# Does Anyone in US Own a Dogma K?



## bikerneil (Nov 3, 2007)

I have my heart set on a Dogma K, but it appears the only way to purchase one is to get it from a European supplier or fly to Europe and buy it and bring it home.

My question: Does anyone in the States own one? If so, I would be interested to hear how you purchased it.

I am 52 with some history of lower back problems. My Look 595 is set up for comfortable riding and I am consistently able to ride 200+ miles per week with no issues. My bike is now five years old and I am in market for a new bike. The idea of owning a Pinarello, that is also built for comfortable grand fondo style, long rides really intrigues me. I am in no hurry.

Thanks!!


----------



## shoegazer (Nov 2, 2007)

I have a Team Sky Kobh that I ordered when it was introduced. My LBS, AllStar in Raleigh, ordered it from Gita in Charlotte and I had it within the week. Gita Cycling Gear - Bike Parts Accessories and Apparel


----------



## bikerneil (Nov 3, 2007)

I am actually looking for the Dogma K, not the Kobh.

The Dogma K is shown on the Pinarello website. It's slightly different than the Kobh, but Gita is not allowed to sell it in the US . 

My understanding is Gita is sitting on large stock of old Kobh's, and they know if they sell the Dogma K's, they wil never be able to get rid of the Kobh's.

People like me eventually will just move to another manufacturer, and then they will have lost the opportunity to sell either. I understand (but don't like) their strategy.

Thanks.


----------



## Cinelli 82220 (Dec 2, 2010)

Bellatisport dot com in Switzerland is your best bet for Dogma K.


----------



## PaxRomana (Jan 16, 2012)

Dogma K is the same thing as the Kobh, just re-branded. They don't want to bring it to the US market because they have a glut of Kobhs and nobody would buy them if they had the Dogma K instead.


----------



## aroadbike4u (Jan 27, 2013)

bikerneil said:


> I am actually looking for the Dogma K, not the Kobh.
> 
> The Dogma K is shown on the Pinarello website. It's slightly different than the Kobh, but Gita is not allowed to sell it in the US .
> 
> ...




Neil, I've been digging around for a while and still don't have any real definitive answers about the differences, if any, between the KOBH and DK. I was under the assumption that they were exactly the same, it's just that the KOBH didn't sell well and Pin wants to jump start marketing by utilizing the Dogma name. 

The carbon is the same, the angles are the same, the wheelbase is the same. However, there _might_ be differences in seat tube length. I've seen one geometry chart that showed a shorter seat tube, but that could be attributed to whether it was measured center to top or not. In fact, clicking on the KOBH geomtry chart on the Pinarello website takes you directly to the Dogma K. I could call our Pinarello rep and try to get a straight answer on Monday, but as of yet, I really can't find a good reason to go through the hassle of sourcing a DogK when the KOBH can be had.

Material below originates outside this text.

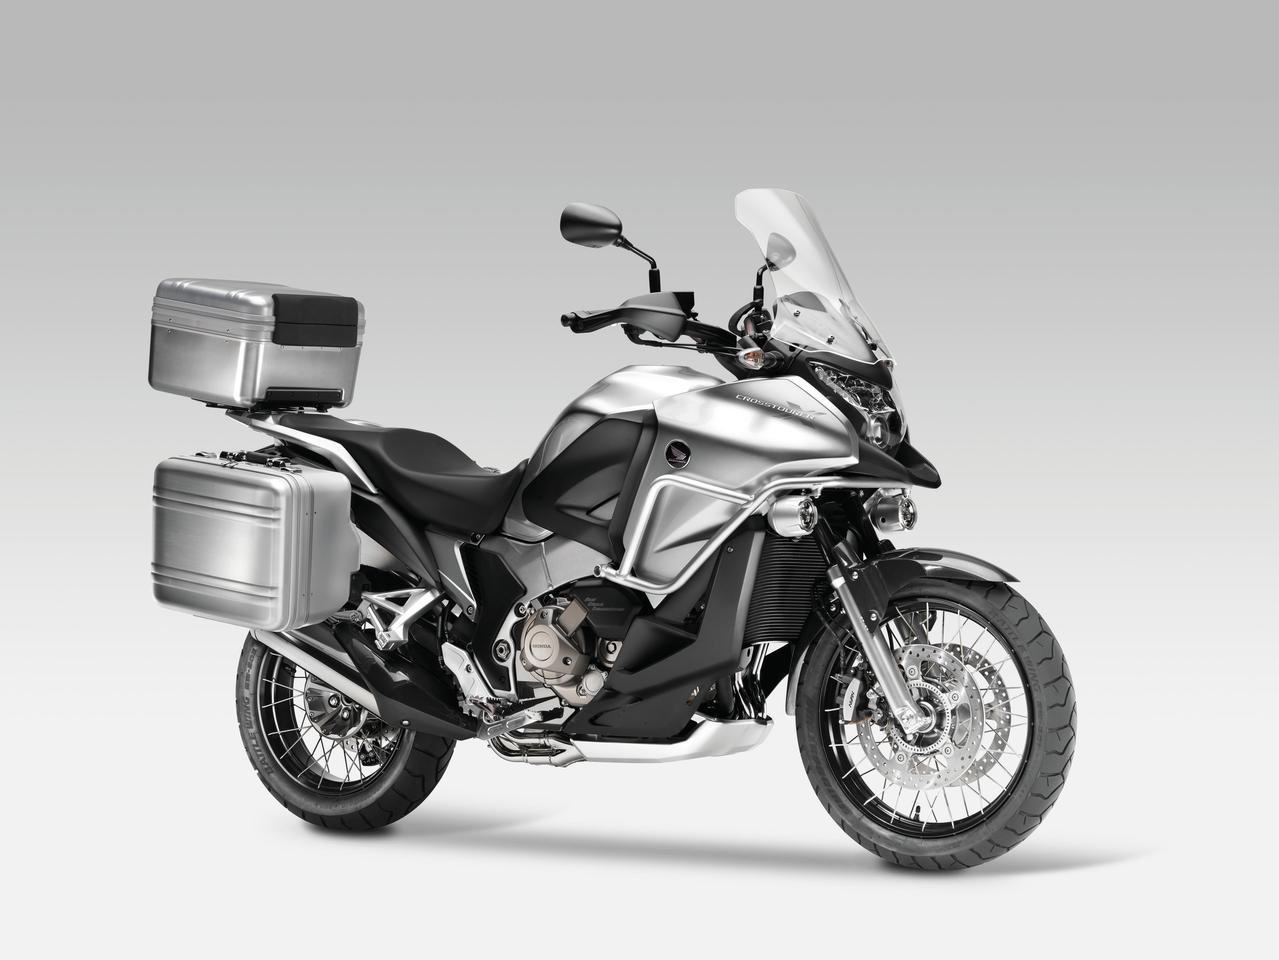 Honda Announces New V4 Adventure Sports Tourer The Crosstourer

BTW - we can also order directly from Pinarello Italy, and occasionally this is done to get special European color schemes, but it takes months.


----------



## Cinelli 82220 (Dec 2, 2010)

Wrench Science has the DogmaK on their site.

Give them a call.


----------



## bikerneil (Nov 3, 2007)

Cinelli: I called and emailed Wrench Science - they don't have the Dogma K......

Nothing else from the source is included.